Ok, how do we optimize this query?
Step 1: Keep all dugg items in memcached for the last N days, where N is determined by when you run out of memory. Then, your query becomes:
SELECT `digdate`, `id` FROM `Diggs`
WHERE `userid` IN (59, 9006, 15989, 16045, 29183,
30220, 62511, 75212, 79006)
AND digdate < now() - interval '5 days'
AND itemid = 13084479 ORDER BY `digdate` DESC, `id` DESC LIMIT 4; /* Excuse the postgresql syntax /
If your database is properly clustered, this will mean you are only running the query against partitions holding old dugs, which is probably not as hot as the more recent stuff. Additionally, I strongly suspect that you see more recent articles more than old ones, if the article is less than 5 days old you need no SQL at all, just the memcache lookup. For example, if you are looking at the homepage, and there are 15 articles on it, you have to do a single memcached get request for all the pairs like (article_id, friend_id), so if you have 100 friends that is 100 15 keys to request. This is large, but who cares, you can add memcached servers and webservers until you puke and this will keep scaling without limit. When browsing old articles the db will get hit heavily, but only the partitions holding old data, and I would guess that this is a very very small fraction of their overall use.
Step 2: When a user is activly using the site, like they have viewed 2 pages in the last 10 minutes or something, shove all their old (article_id, friend_id) pairs into memcached as well. Once a user has reached the 'activity threshhold' and the cache is filled, no sql is necessary to find all their friend's dug articles. As a bonus, no weirdo software like 'cassandra' which may or may not continue to exist in 1 year is necessary.
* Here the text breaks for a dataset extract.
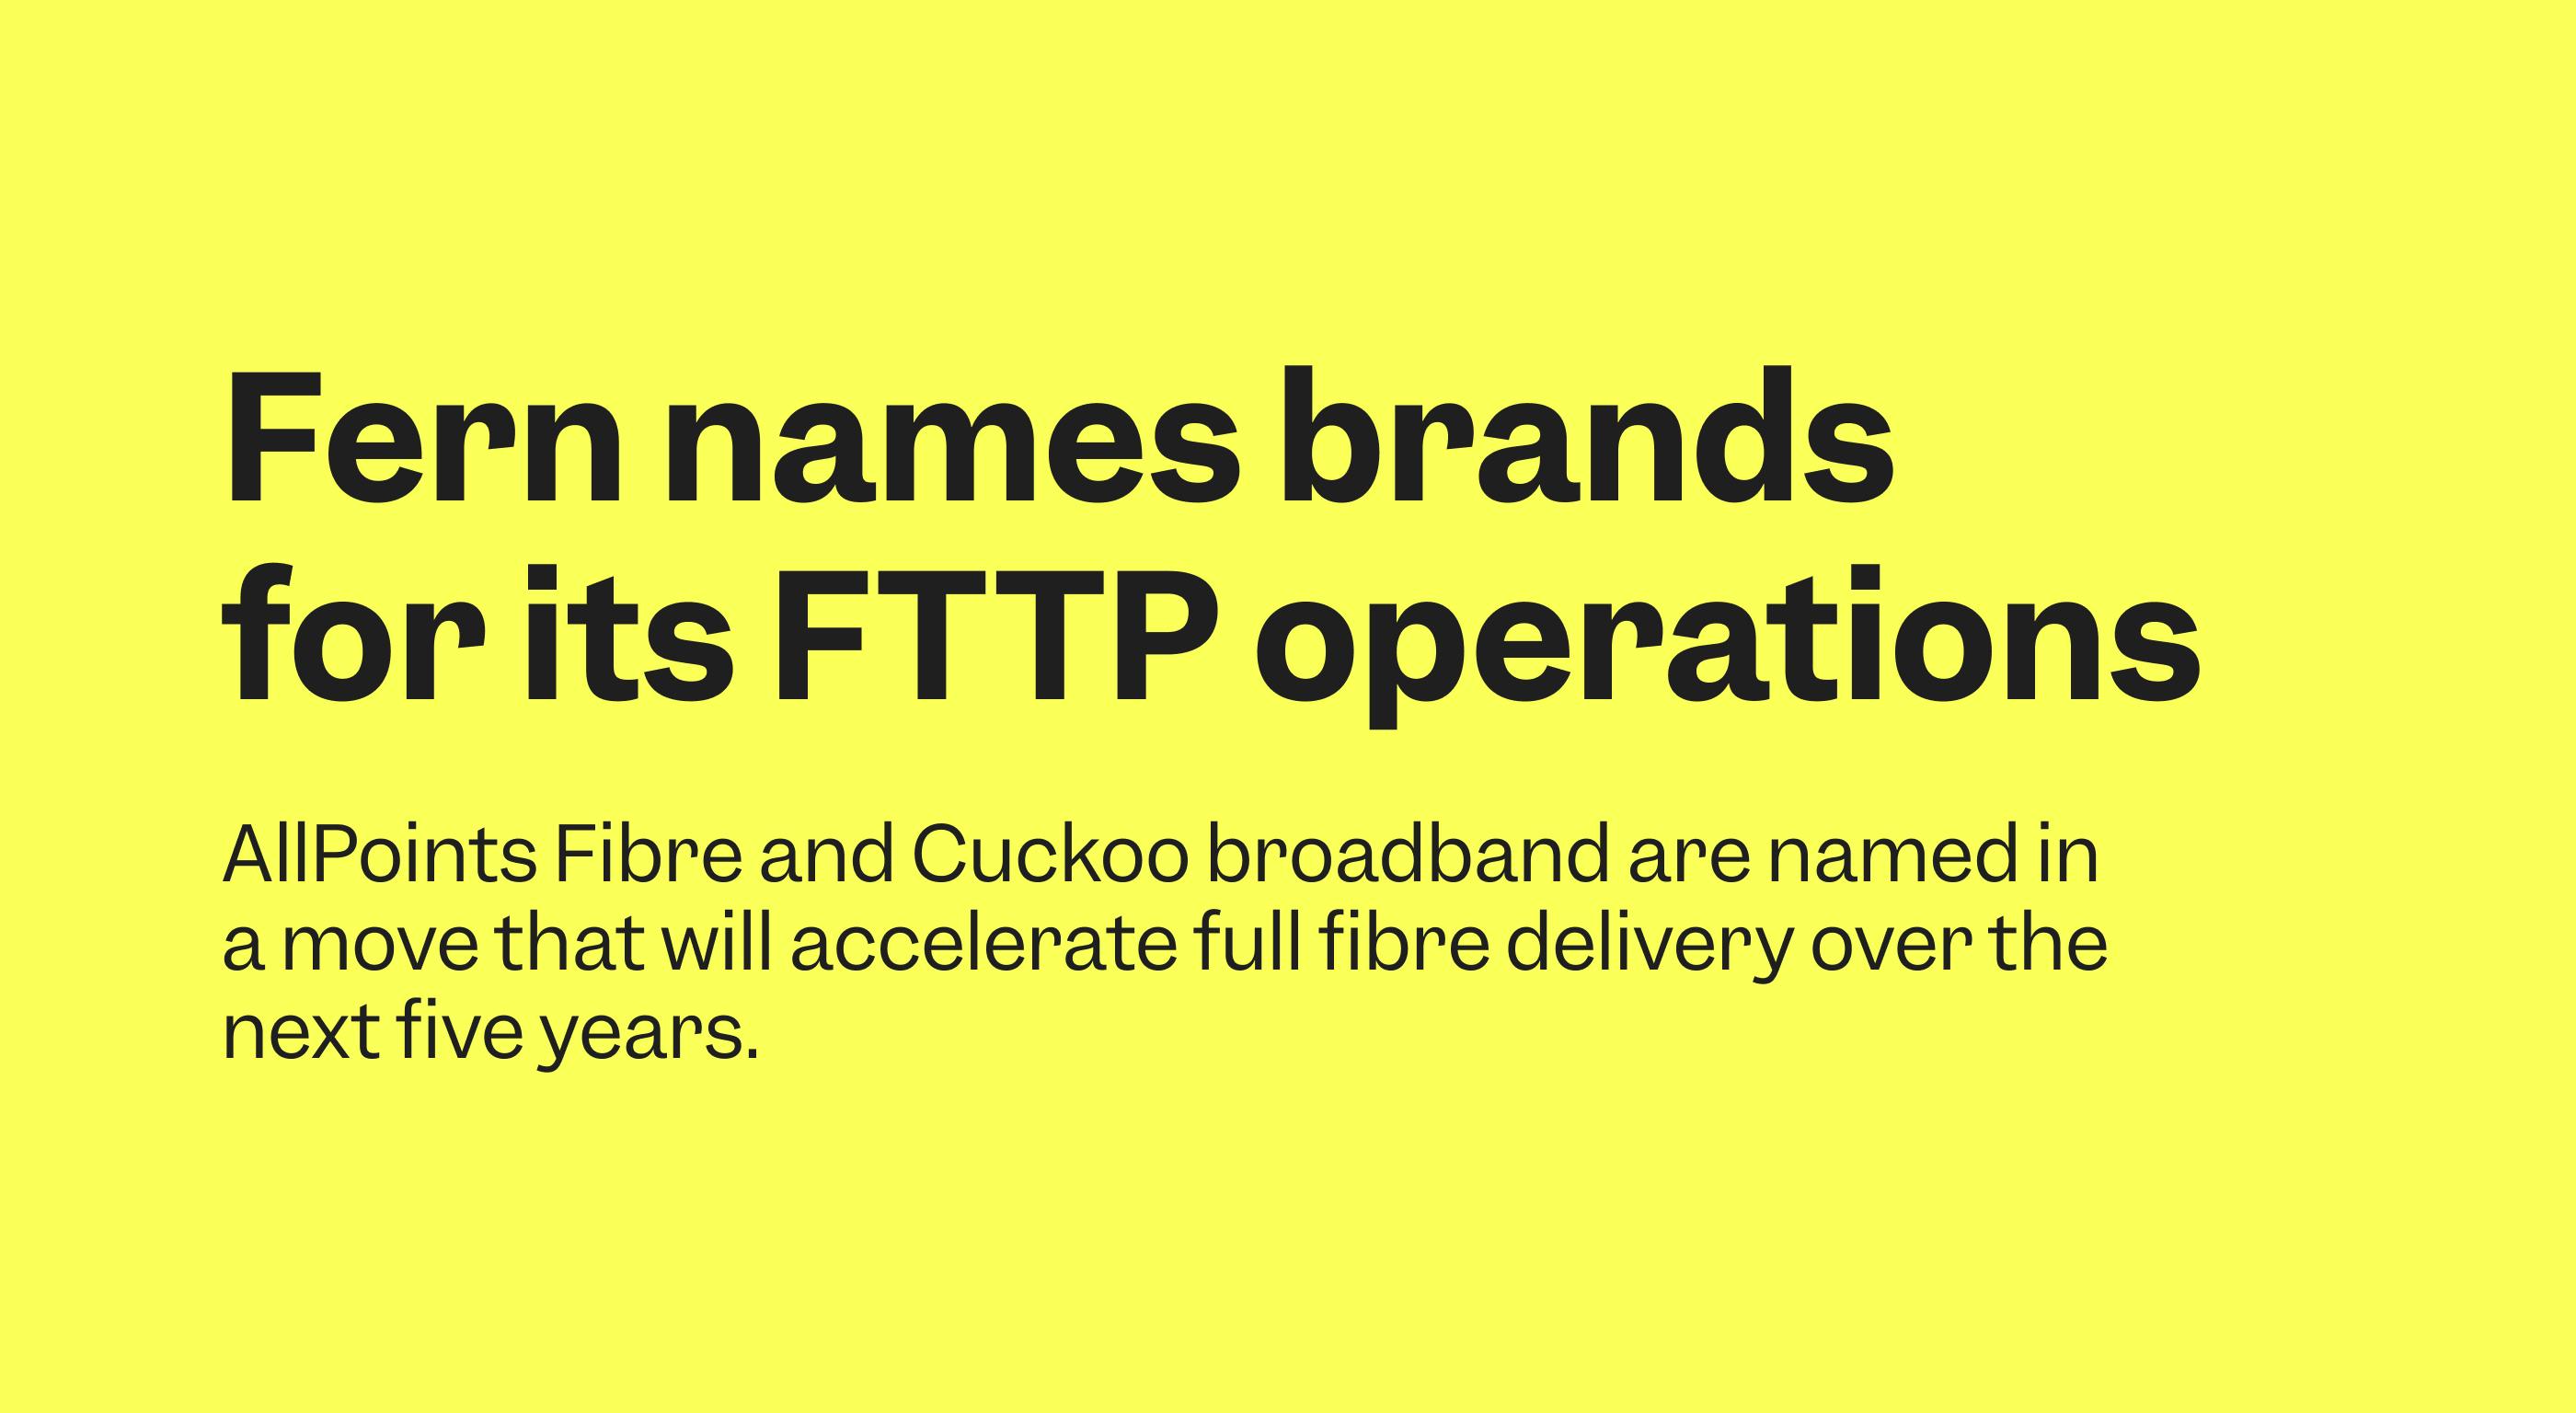 Fern names brands for its FTTP operations. AllPoints Fibre and Cuckoo broadband are named in a move that will accelerate full fibre delivery over the next five years.
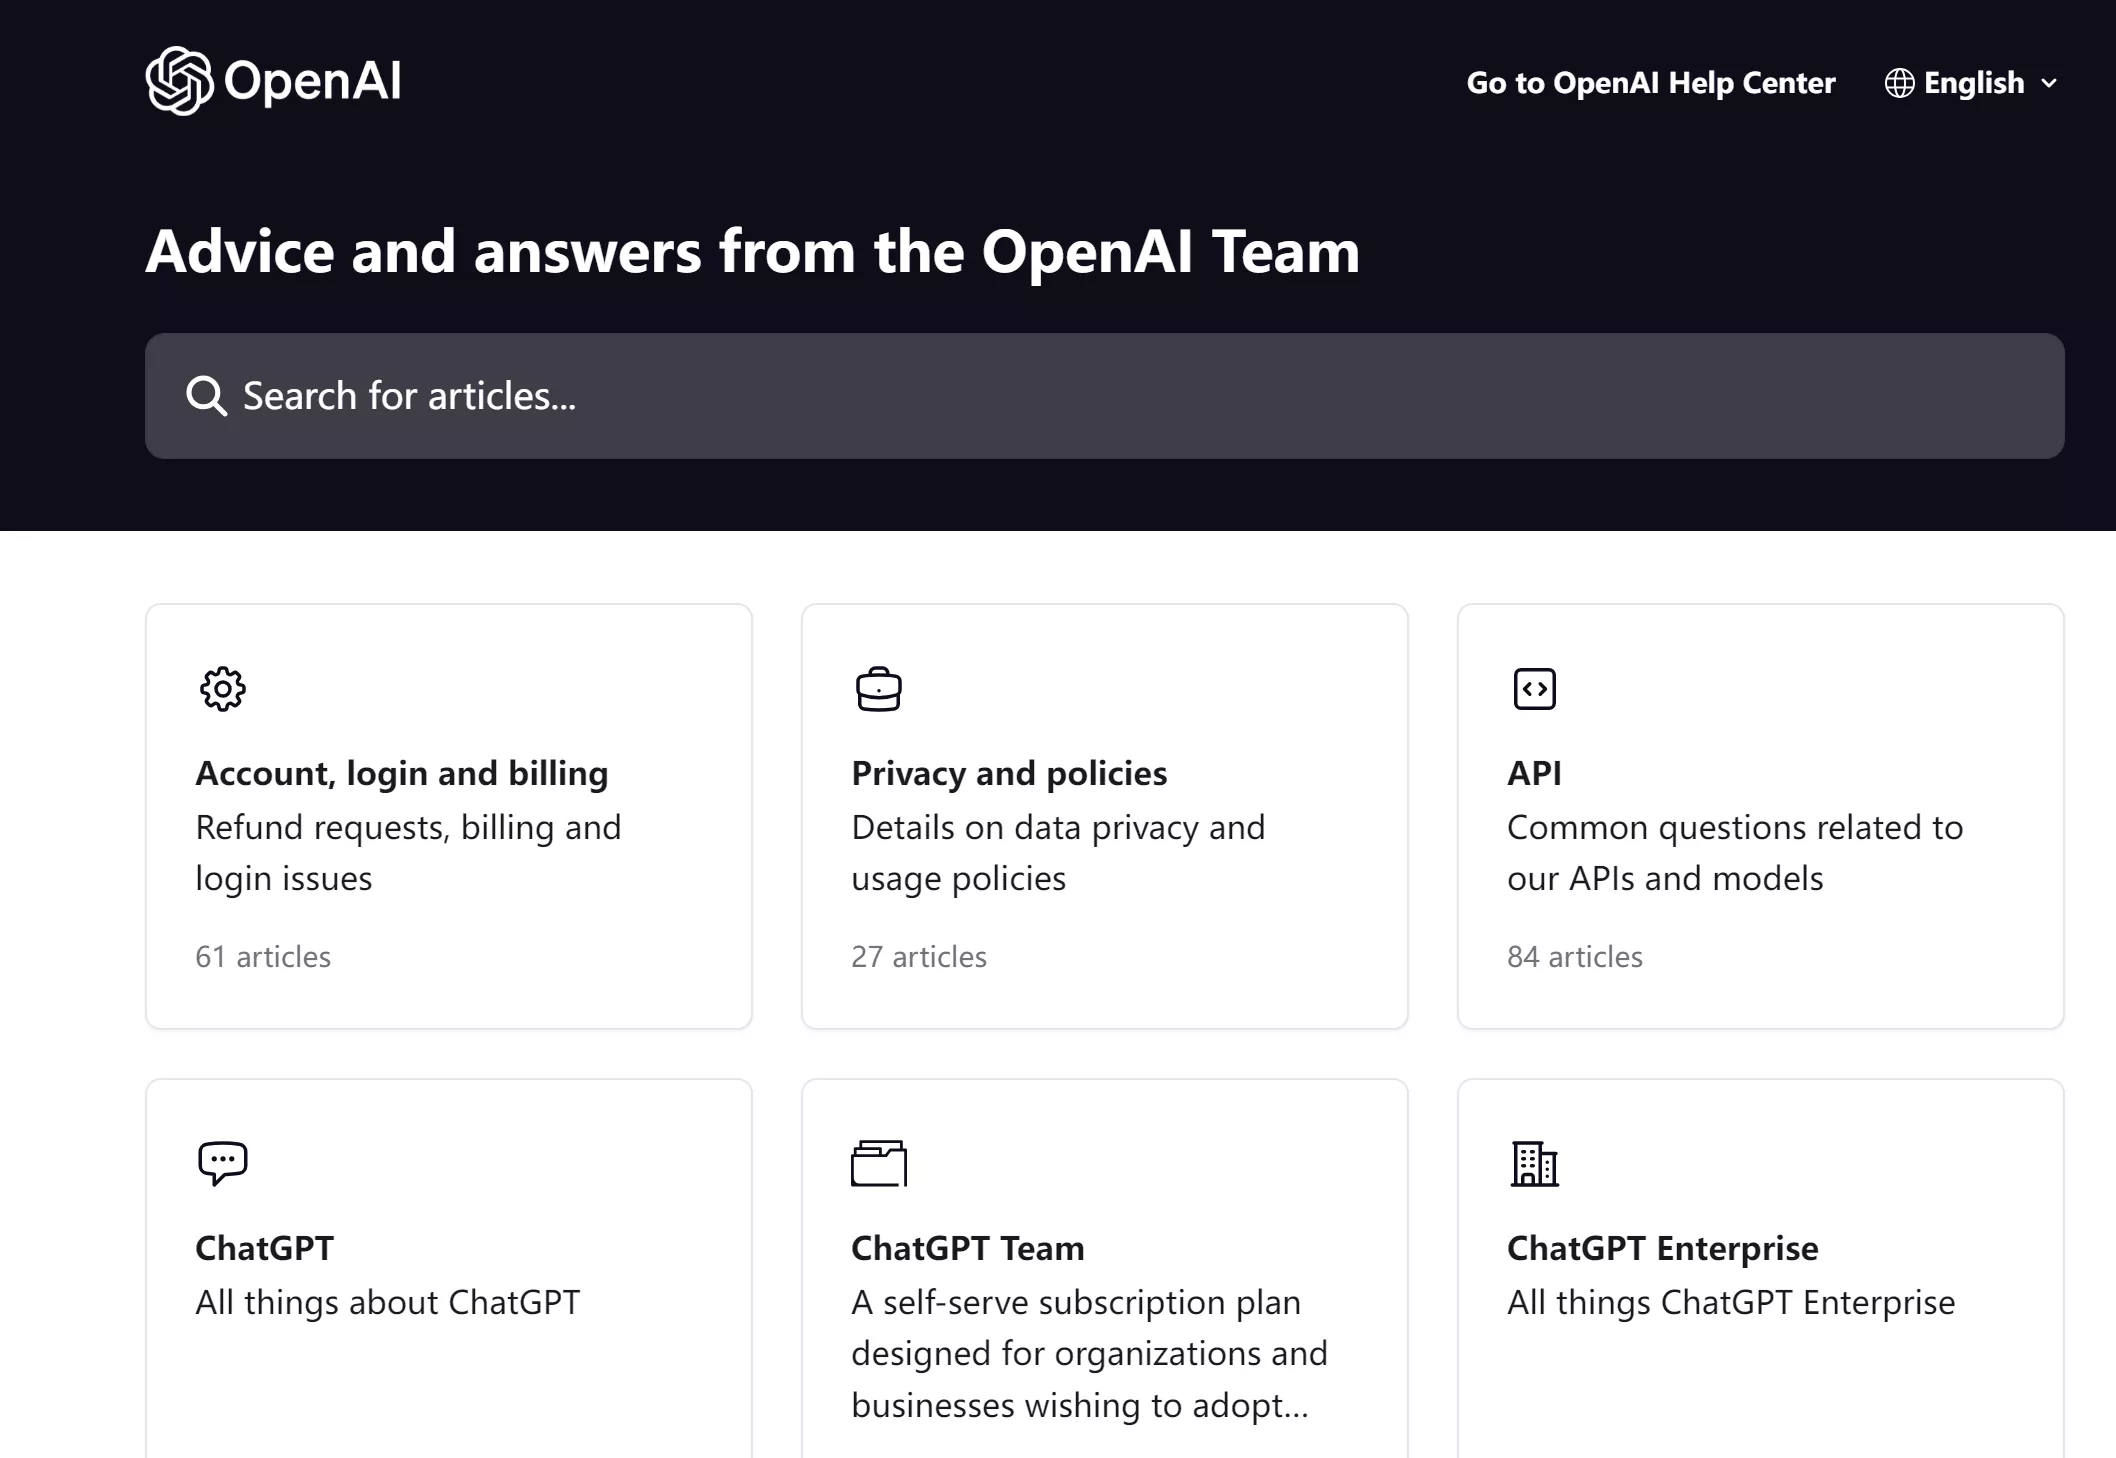 chatgpt sorry you have been blocked contact openai support team

For step 1 you need very little effort, just put a key into memcached every time a user digs something, and put a 5 day timeout on that key. This is 1 line of code in whatever code handles the http request representing a 'dig'. Then you have to build up the list of friends and keep it somewhere when a user logs in to the site (or returns with a cookie that has them logged in). This would take one memcache request when the user logs in/comes back to see if their friends list is in memcached, one sql statement if it is not, and a line in the are that handles adding friends to spoil the key if their friends list changes (you could try updating it, but why, just let it be regenerated on their next http request). Finally, you have to generate the keys for the (article_id, friend_id) pairs on each page view, and do a multi_get from memcached.
Step 2 would require an asynchronous process, so would be more complex.
I could implement step 1 in an hour or so if familiar with the digg codebase, and step 2 in perhaps 2 days, however if they have other async processes that occur when a user logs in that you could integrate this with it could take as little as an hour or two as well, since the logic is dead simple, it is the mechanics of running a process to do it that is time consuming.
Finally, you would have to figure out how much memory you would need to store N days of digs (users with no friends do not count in this). I believe it would not be very much.
Further, step two is irrelevant. There's no way of knowing if a (article_id, friend_id) pair in memcached is from the most recent N days or whether it's been stuffed in due to a user being active. Therefore, searching the DB for older diggs is still necessary, and should take the exact same amount of load as if they weren't in memcached at all.
Memcached + MySQL makes great sense when the data set is small and simple. If all the content on the site fits within 1 GB you could probably easily push a hundred millions unique visitors a day. For an application like this, the relatively poor performance of MySQL and the inflexibility of Memcached cause problems.
It seems to me that using Cassandra, even in its current immature state, makes much more sense than the solution you're proposing.
Step 2 is fine, memcached allows setting of timeouts on keys. If you always set a timeout of (dig_time + five_days) - now() you are set. Be careful, times > 30 days imply a unix timestamp not a timeout.
Mysql kindof sucks. The clustering is easy to set up at least.
Cassandra and other big on disk hash tables are pretty cool. I think once they have datastore-like indexing capabilities they will be totally usable. My qualm with using them is that there are 80 of them right now, and they are all pretty immature. The ones that are mature, like bsddb, and complicated to use.
My point was that cassandra is just a big memcached.
That's pretty much the idea. Cassandra makes replication + failover totally seamless, so there's no excuses in that respect. :) Cassandra also supports replicating across multiple data centers.
but NoSQL kinda gives you memcache like awesomeness with some level of persistence. Think of cassandra as a more feature-rich, persistent memcache. :)
So saying "NoSQL gives you [or doesn't give you] X" is meaningless.
And for the record, SQL is great, but trying to keep using it once your data set has outgrown a single machine is like "trying to build a bookshelf out of mashed potatoes." (Gotta love jwz.)